* _PROBLEM DETAILS_:
From the entries below, reproduce exactly the lines from the one with "Benefits of Getting" through the one with "Runx/Cbfî² Complexes Protect", both included, without images.
──────── EXTRACTED RECORDS
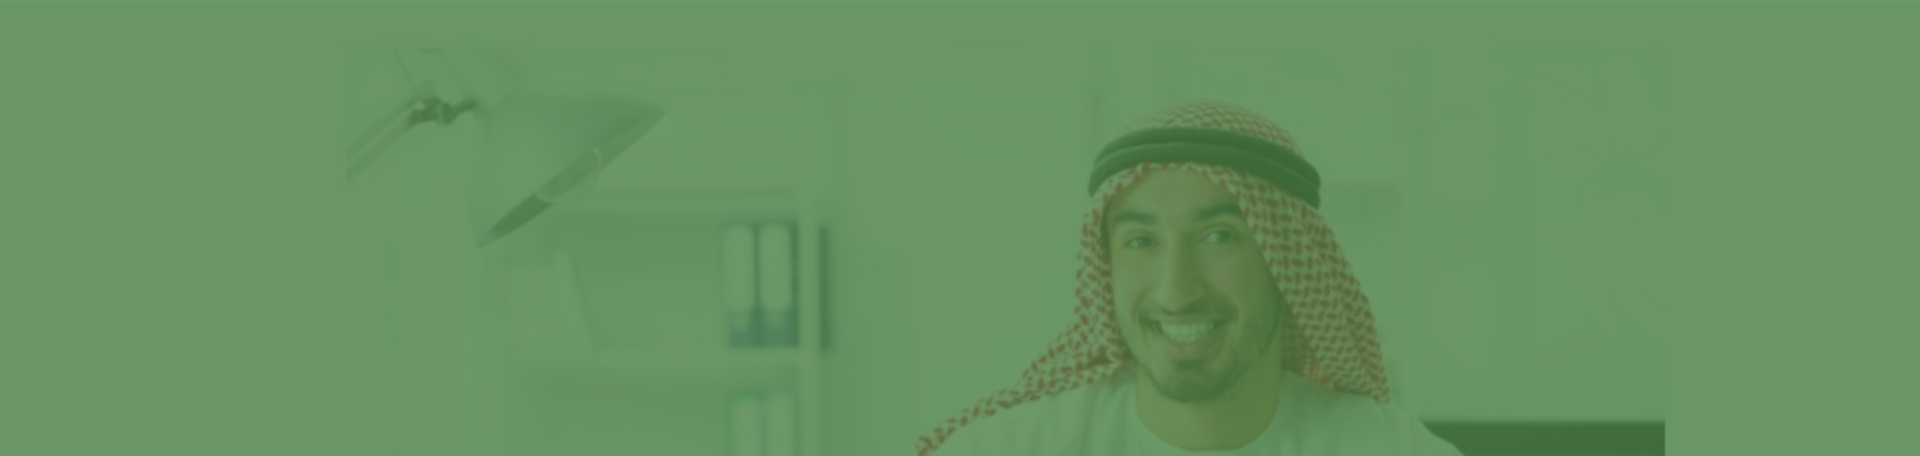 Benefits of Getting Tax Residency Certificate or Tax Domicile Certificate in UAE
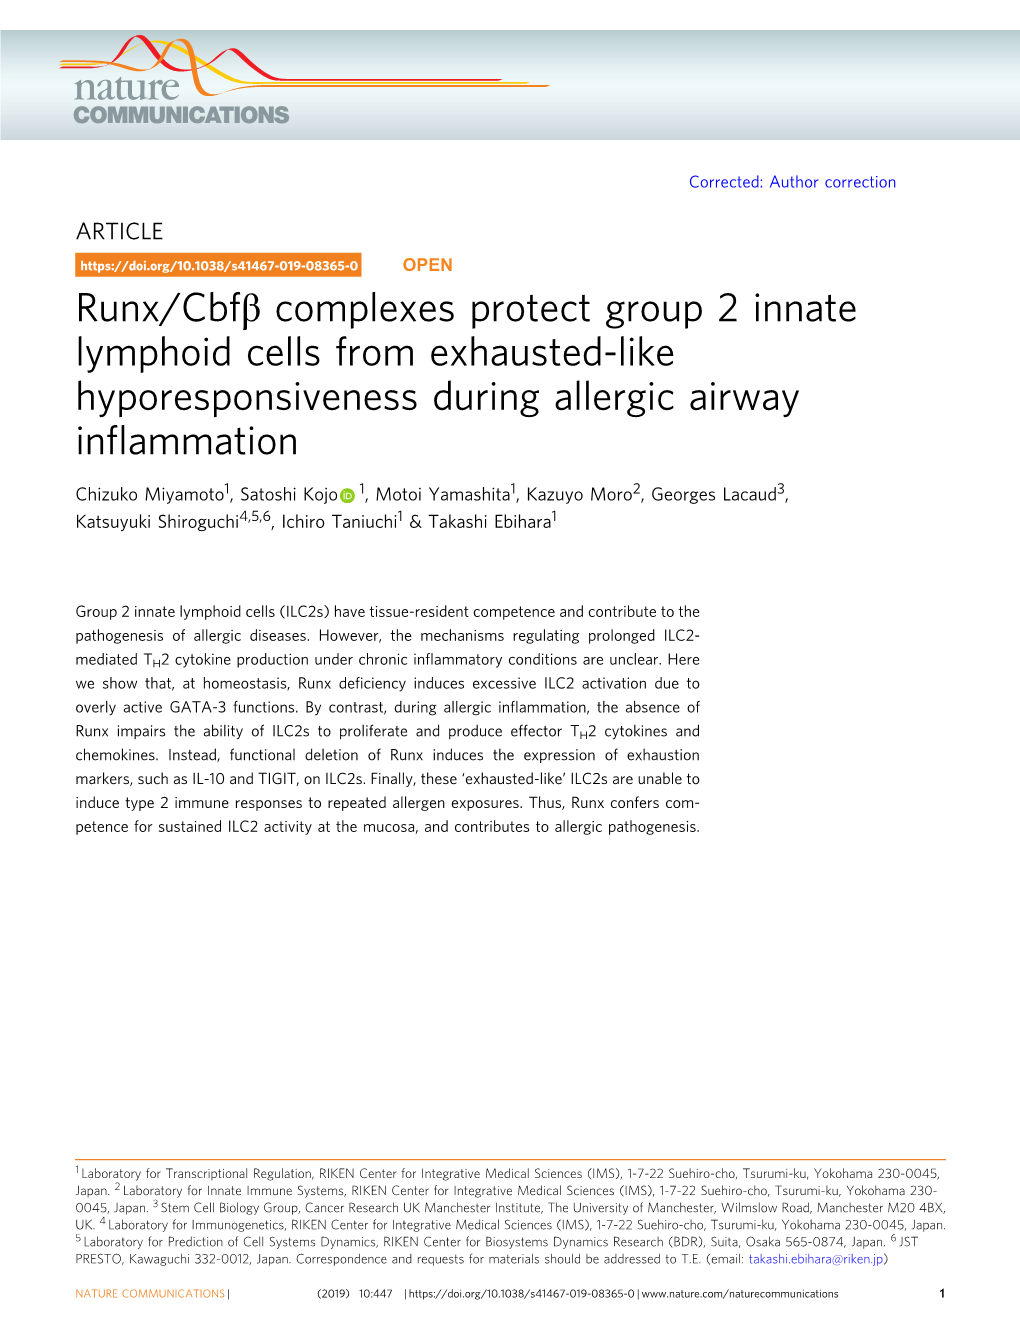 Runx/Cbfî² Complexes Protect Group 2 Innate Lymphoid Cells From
────────────────
──────── EXTRACTED RECORDS
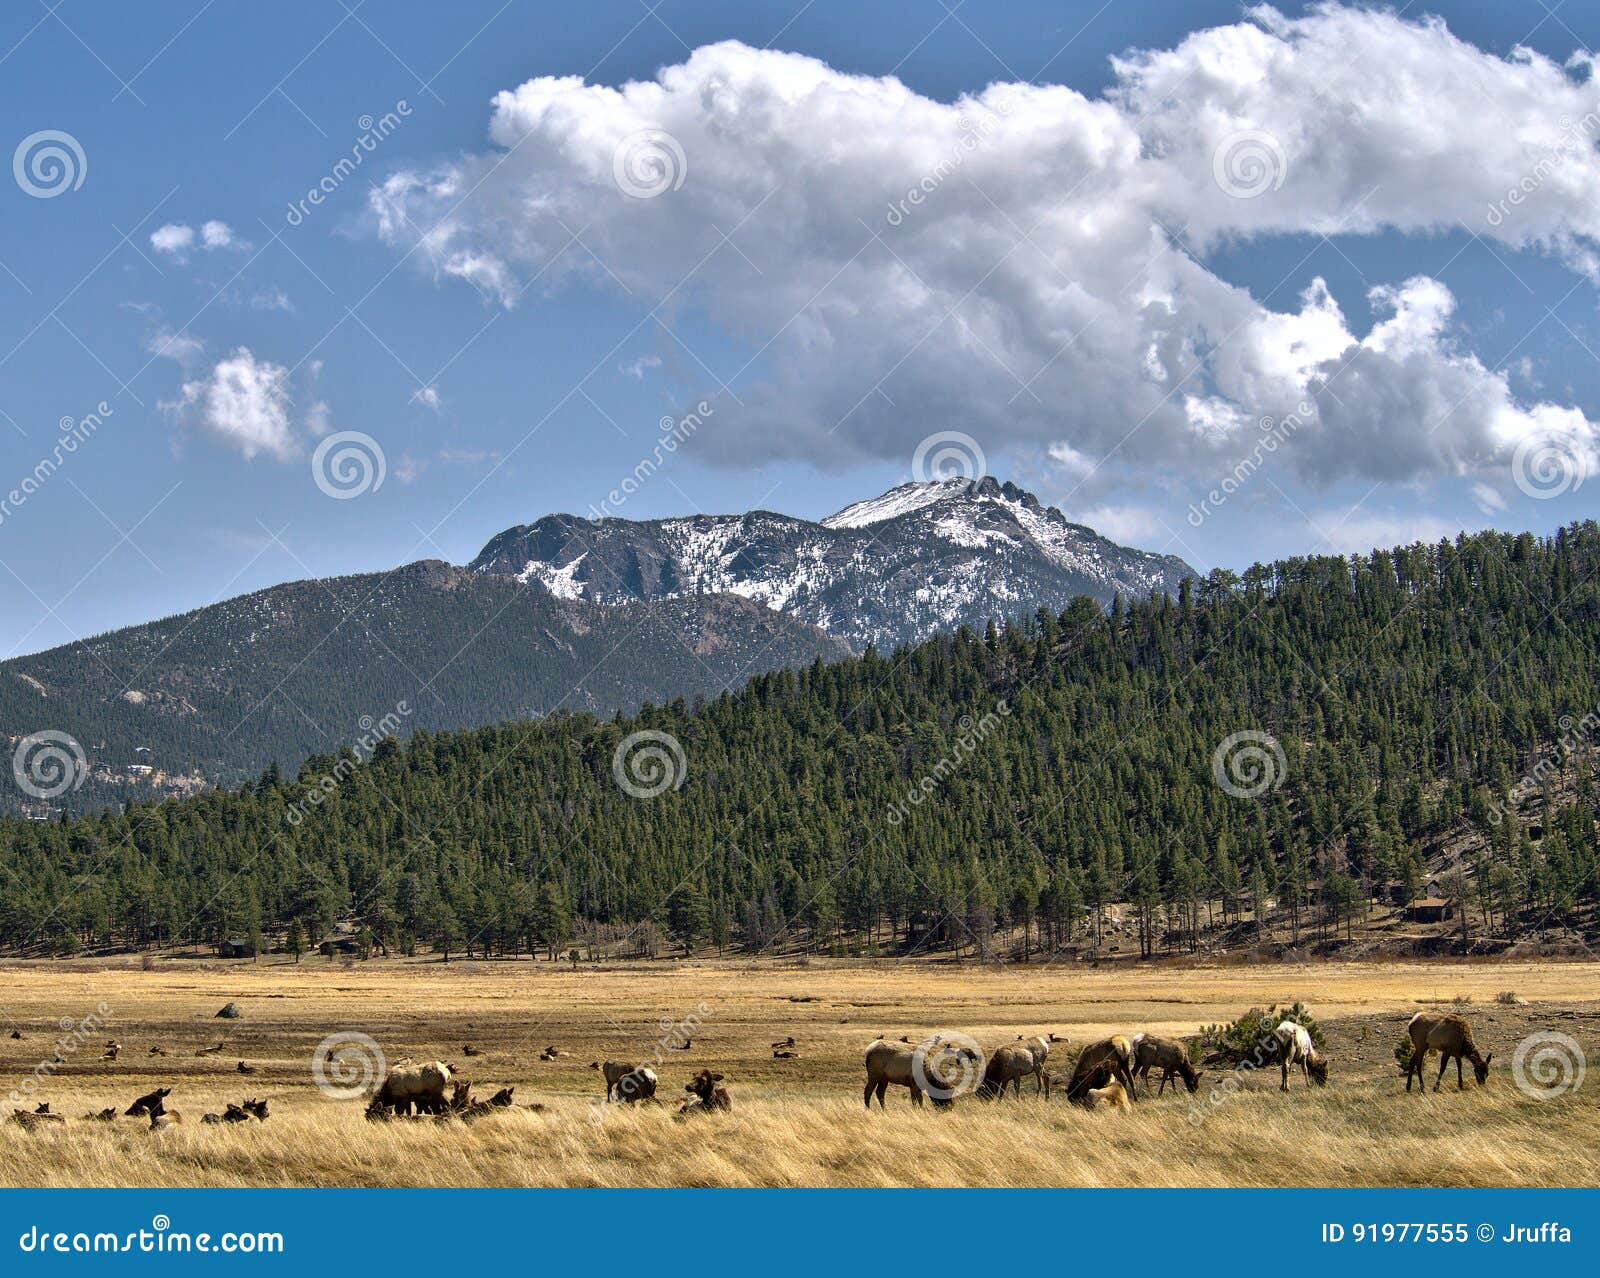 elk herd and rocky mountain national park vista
────────────────
──────── EXTRACTED RECORDS
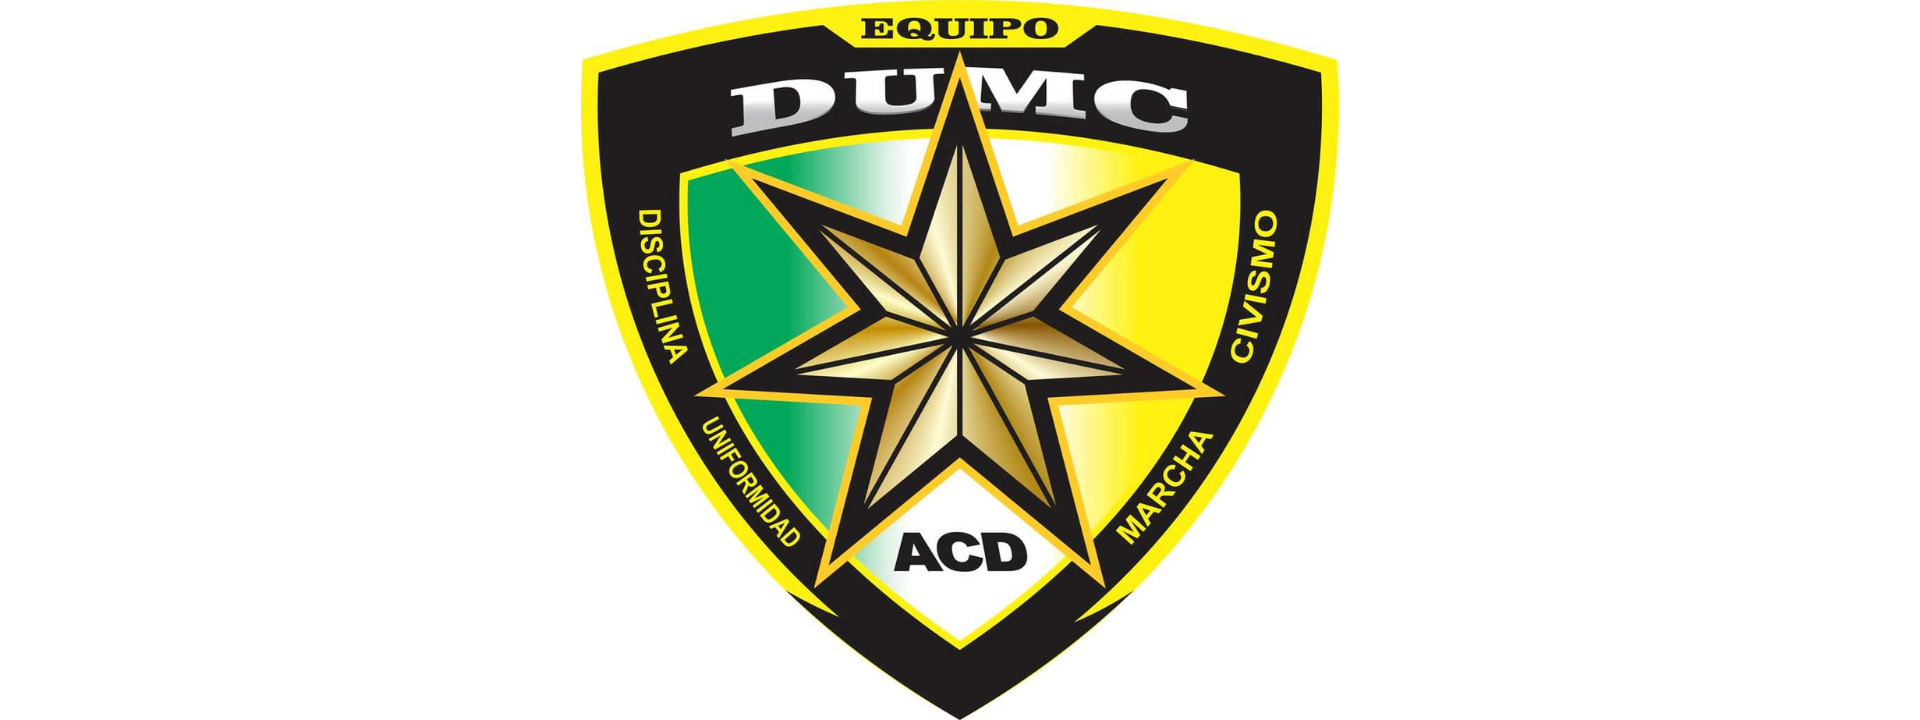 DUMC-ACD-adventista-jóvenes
────────────────
* _TASK SOLUTION_:
 Benefits of Getting Tax Residency Certificate or Tax Domicile Certificate in UAE
 Runx/Cbfî² Complexes Protect Group 2 Innate Lymphoid Cells From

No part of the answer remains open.